Year-end Strategies to Reduce Adjusted Gross Income
It's never too early to think about moves you can make by year's end to help you reduce your adjusted gross income, or AGI, and save on your income taxes. With only a couple of more months and change to go in 2019, this is a perfect time to start the planning.
Now, you may be wondering why I'm talking about reducing "adjusted gross income" rather than reducing "taxable income", or TI. This is because there are some things that reduce TI (which is good) but don't reduce AGI, while everything that reduces AGI also reduces TI (which is better).
And why is that better you ask? Great question; you are obviously on the ball today! Lowering your AGI has a positive effect on other tax issues that are tied to the level of your AGI.
For instance, medical expenses can only be deducted to the extent in total they exceed 10% of your AGI. Something that lowers AGI potentially frees up more medical deductions, thus lowering TI even more. Another example involves the amount of social security benefits subject to tax. Lowering your AGI can sometimes result in a lesser amount of those benefits being taxed.
These are just two examples; there are others. The important thing to know is that reducing AGI can have a multiplying effect in reducing your ultimate tax burden as compared to simply decreasing tax income through deductions.
With that in mind, here are some ideas you may be able to implement now to reduce AGI:
1) One of the most common and well publicized ways is to contribute to tax-advantaged retirement accounts, assuming you have the earned income to qualify to do so. Most easily accomplished is a contribution to an individual retirement account (IRA). If you are employed somewhere that sponsors a 401(k) plan, deferring salary to it serves to reduce your AGI and may qualify for an employer match to boot.
Other plans include SIMPLE IRAs and SEP accounts for the self-employed. The point is to contribute as much as you can afford; hopefully the maximum allowed. You'll save taxes now while preparing for your future! And the sooner you do it, the sooner the account can start earning tax deferred income.
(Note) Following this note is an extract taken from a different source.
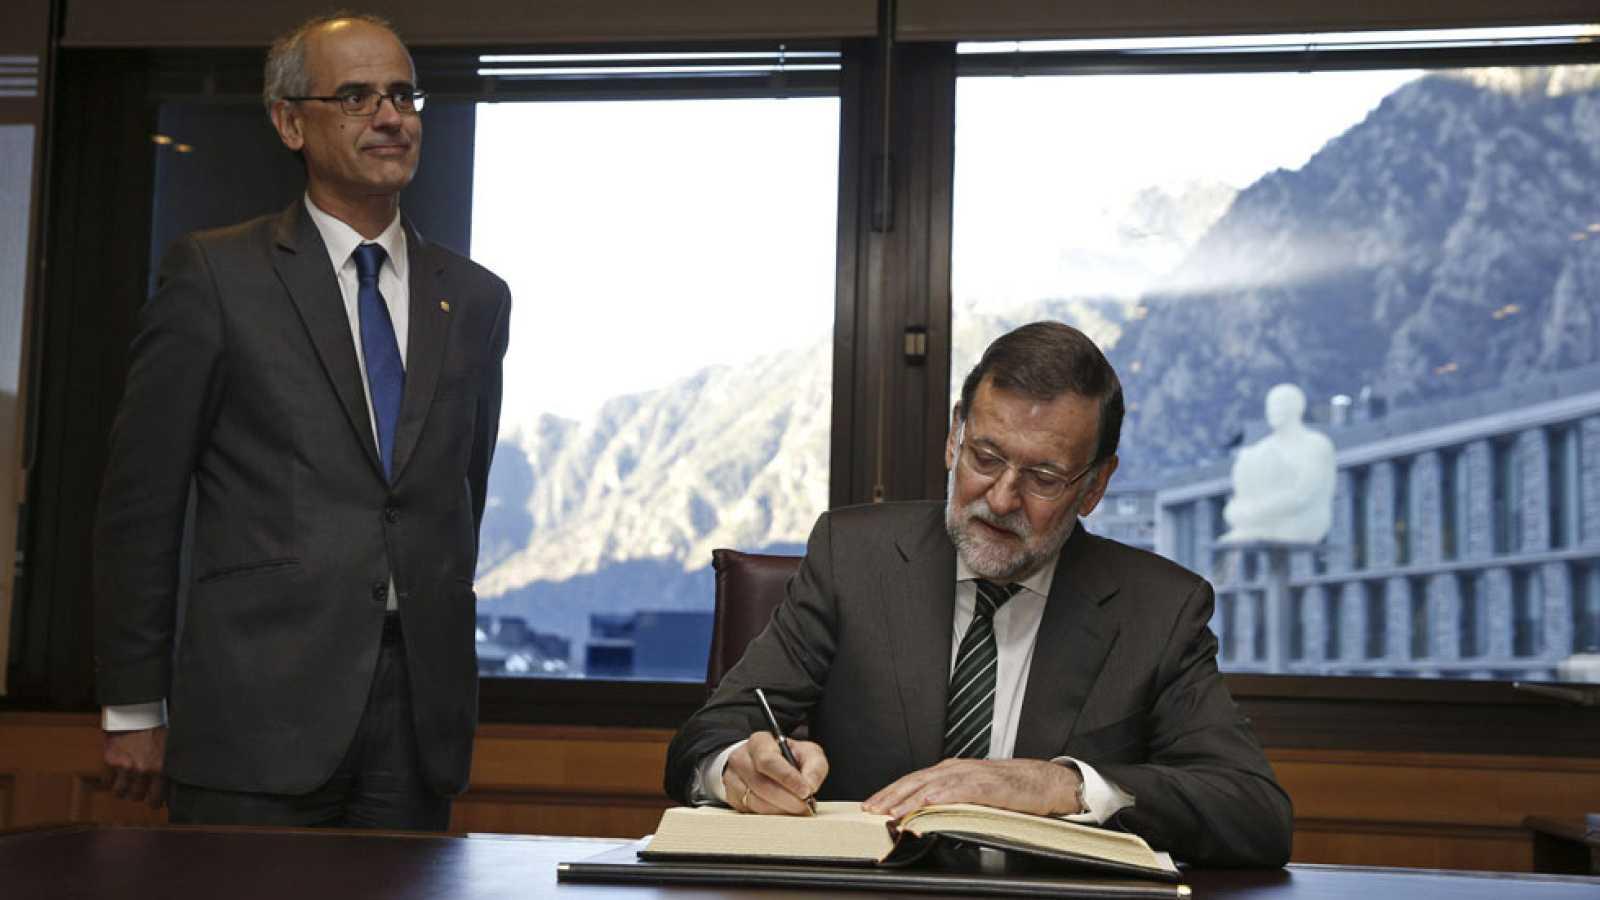 Rajoy reitera su solidaridad con Francia tras el atentado en el 'Charlie Hebdo'

2) Another idea, especially if you have investments and are charitably-minded, is to donate to charity appreciated securities owned for more than a year rather than giving cash. Why do this? Because you get to deduct the full fair market value of the donated securities without having to pay any tax on the gain. And because it's a charity, the organization doesn't have to pay tax on the gain either. Bonus - if you are a higher income taxpayer subject to the 3.8% net investment income tax (NIIT), this also avoids that additional tax on the gain.
3) Closely related to #2 above, if you are age 70 1/2 of older and have an individual retirement account (IRA) from which you must take a required minimum distribution (RMD), you can donate to charity directly from your IRA in what is known as a charitable IRA distribution (aka charitable IRA rollover) and reap major tax benefits. This is because, unlike taking a normal distribution from your IRA and then making the donation, the charitable IRA distribution is not reportable as income to you in the first place, thus it does not increase your AGI and therefore reduces your tax burden.
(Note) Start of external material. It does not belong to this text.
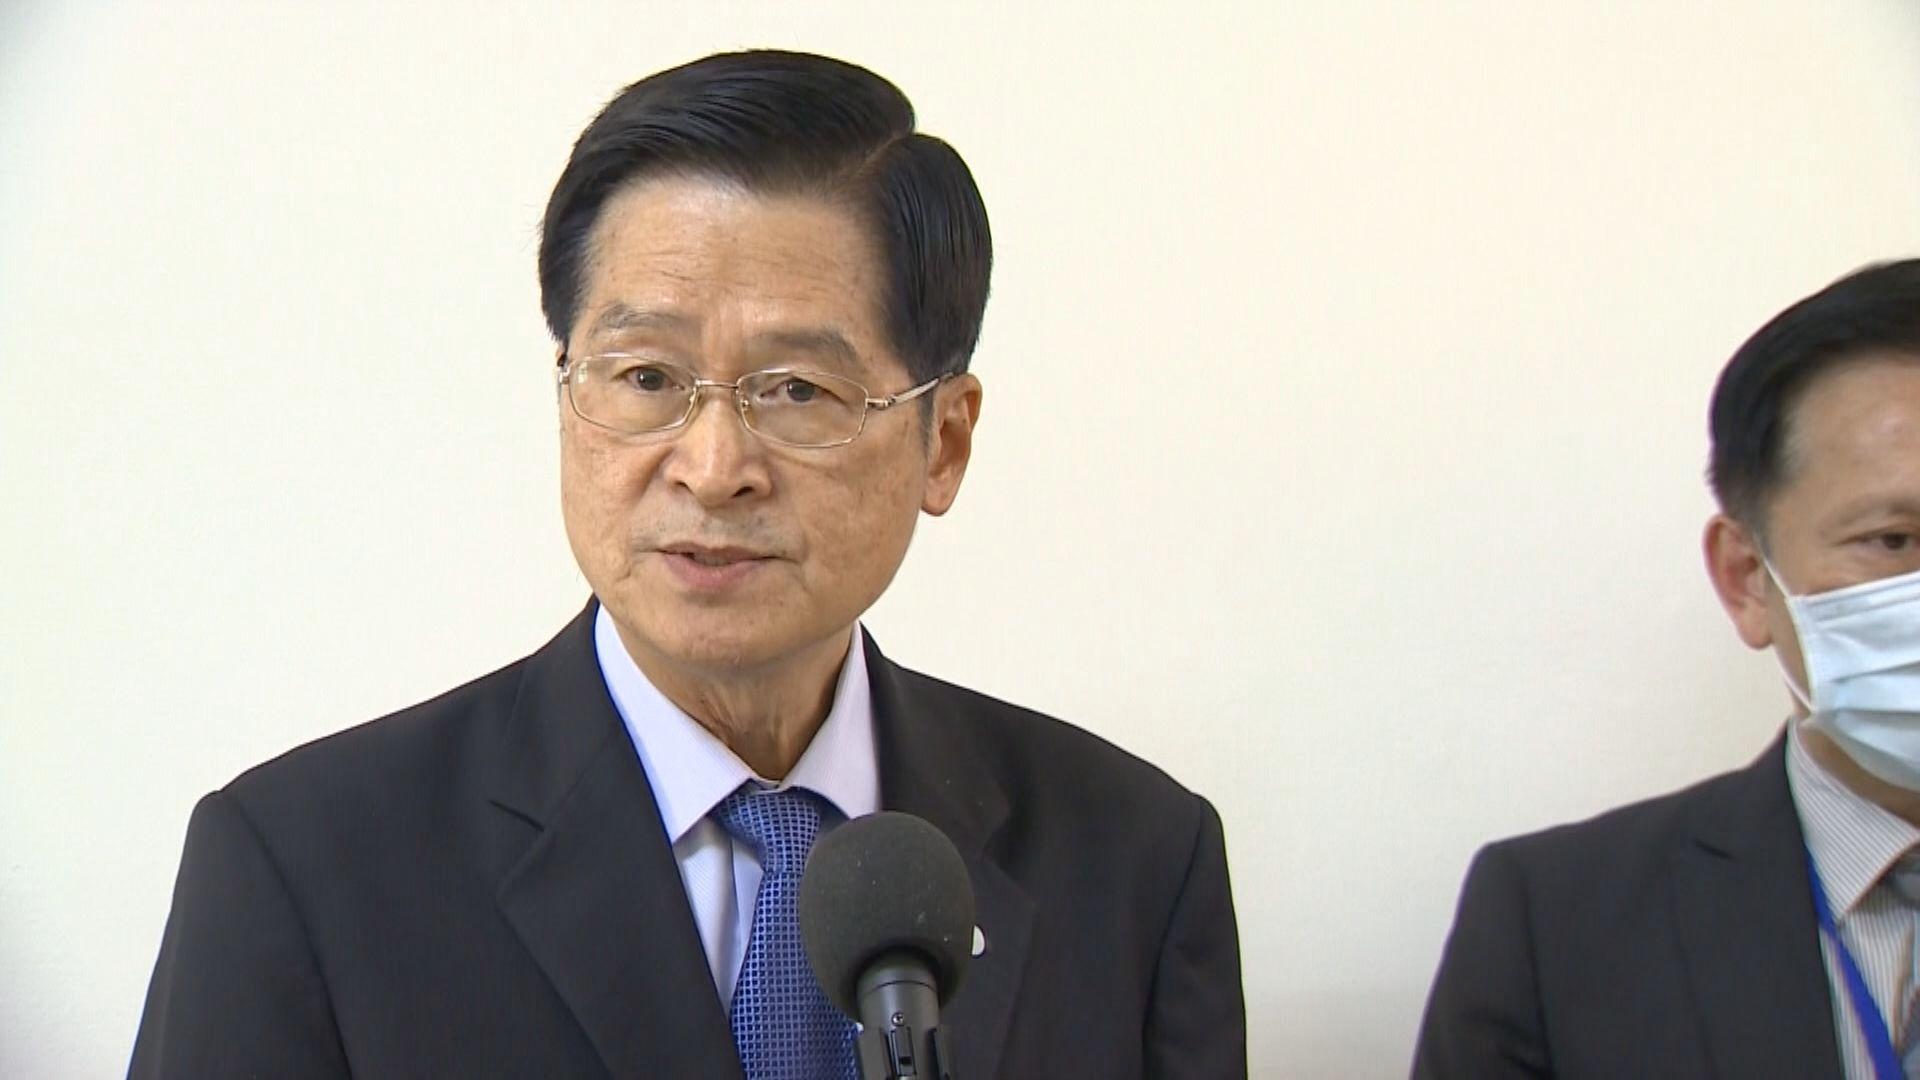 百事娱乐:台灣軍方出現人事變動 嚴德發

Further, the amount still counts towards satisfying your RMD. And, in some cases, making your charitable contributions this way, coupled with the use of the new higher standard deduction amounts, may result in even more tax savings!
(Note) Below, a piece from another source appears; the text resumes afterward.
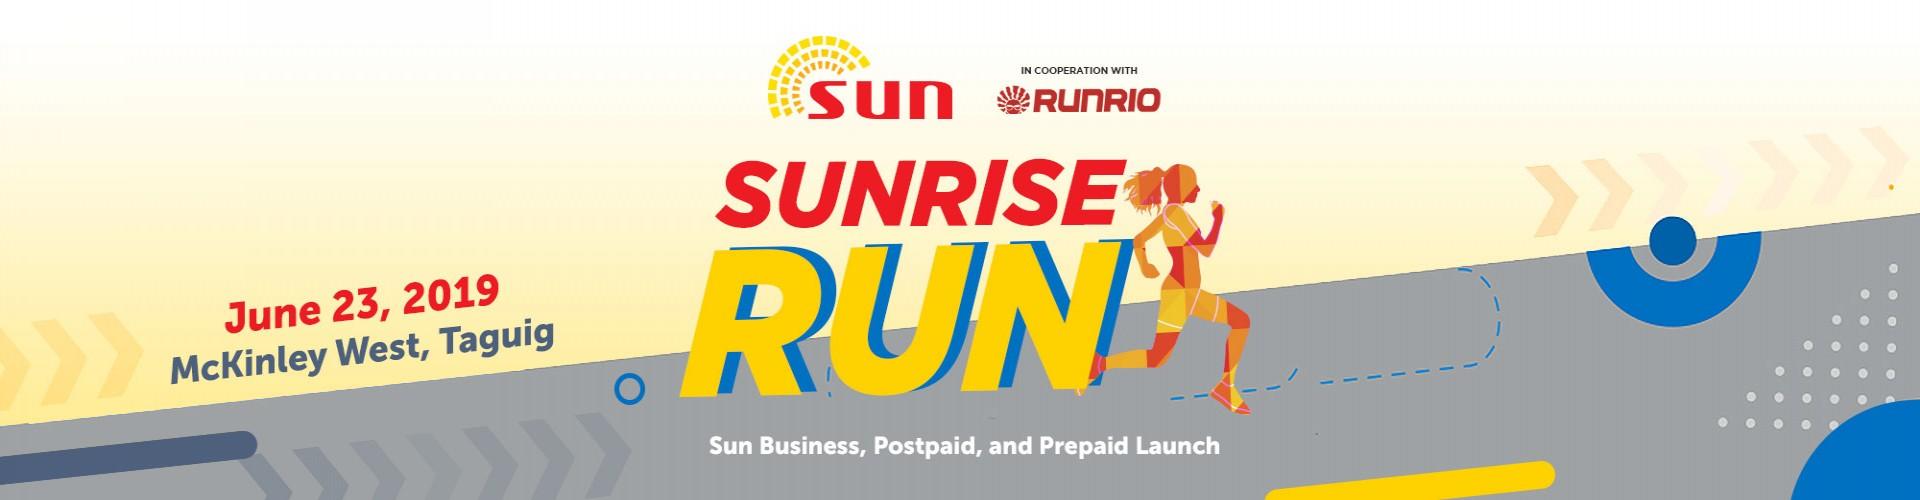 Sunrise Run 2019

4) And while we're on the subject of investments, consider selling off investments in which you have a loss position in your taxable accounts. The loss will offset taxable gains you may have realized during the year. Further, you can deduct up to $3,000 of loss in excess of gains against other types of income, and the loss also will reduce the NIIT discussed above if it is applicable.
5) If you are in business and report on the cash basis, use the tried and true strategy of accelerating business expenses and deferring revenue to the extent you can do so. Prepaying expenses toward year-end typically allows them to be deducted in the current year, including those paid by credit card. And while you never want to do anything that might harm cash flow, billing a customer in early January for work performed or sales made toward the end of this year will defer collections until next year. Of course, this is merely a timing difference, but planned right, it can save you a nice chunk of tax over time.
Adopting these ideas for lowering AGI is an effort worth making. It can save you federal income tax, the NIIT, state income tax and if self-employed, in some cases self-employment tax. Begin now implementing these year-end planning ideas!